Angels’ hopes end, despite Boston’s help

Let’s take you out to the ballgame, Angels vintage. No peanuts and crackerjack. Just late-season major league drama and tension.

At 4:15 p.m. Monday, Torii Hunter said his Angels are “95% dead, but 5% alive.”

At 4:35, Manager Mike Scioscia said, “We’re still breathing.”

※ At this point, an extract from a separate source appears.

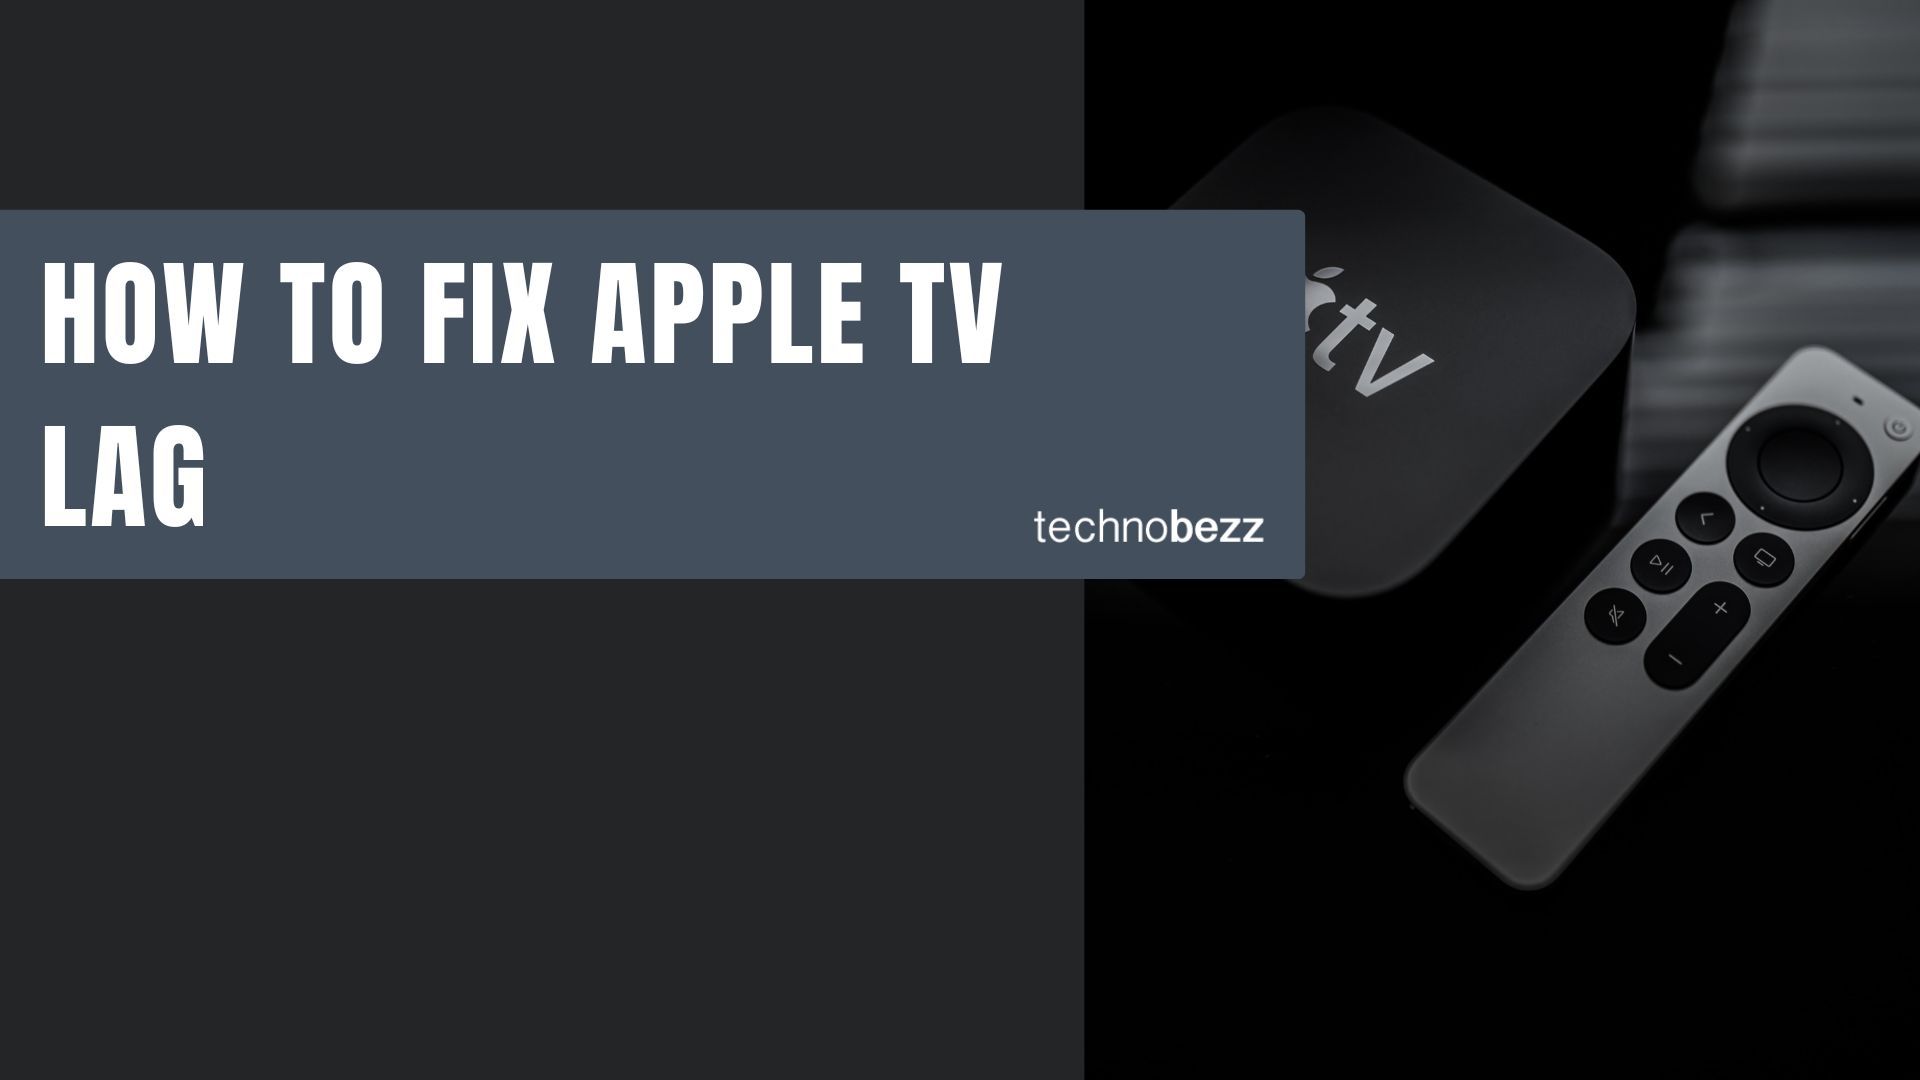 pølse samtale mount How To Fix Apple TV Lag

By 7:15, the gagging, choking, floundering Boston Red Sox had added oxygen. They had managed to lose again. The wild-card spot in the American League that was once an afterthought, a done deal for them, was still not settled. Tampa Bay had beaten the Yankees and was now tied for the wild-card spot, and the Angels, by winning, could stay alive and get themselves within two games of it, with two to go.


Take all the razor blades out of the medicine cabinets in the Red Sox clubhouse.

At precisely 10:10, the Angels had taken their last gasp. Boston had helped all it could, but it wasn’t enough for this season’s version of the not-quite-good-enough Angels.

It ended on Howie Kendrick’s swinging miss of a third strike. He was among their best players all season. They wanted him in that spot, one run down, one runner on. But this was an Angels team that always seemed a tad short, and so it ended exactly that way, on a crisp Monday night, before yet another big (39,716) and adoring crowd at the Big A.

This is September baseball, as Commissioner Bud Selig envisioned it years ago, when he went to the fourth playoff team in each league. He liked the thought of teams, cities and fans, still with a chance, right to the bitter end. People with ulcers or anger management problems who care about baseball need to plan vacations in Europe, starting in mid-September.

Before the game, the Angels’ hopes could have been summed up in Al Michaels’ “Do you believe in miracles?” As the night went on, Lewis Carroll’s line from “Alice in Wonderland” became more fitting. Things got “curiouser and curiouser.”

This had been anticipated for weeks as the grand three-game finale. Division leader Texas was coming to the Big A for the last three games of the regular season. For a long time, the second-place Angels had stayed close enough to make that showdown viable. But in the last two weeks, they started matching Boston, mediocrity for mediocrity, and Texas clinched the division title. The Angels stayed in the wild-card race only because Boston was a tad more mediocre.

The three-game grand finale turned into must-win desperation for the Angels and a three-game workout for the Rangers.

Texas started 16-7 ace C.J. Wilson and let him pitch only the first two innings. For the Angels, it was all about winning. For the Rangers, it was about getting Wilson stretched out for about an hour. Interestingly, it had been Wilson who had thrown down the gauntlet last season, after nearly a decade of dominance by the Angels in the West, when he said, “We’re better than they are.” Then the Rangers won the division and went all the way to the World Series.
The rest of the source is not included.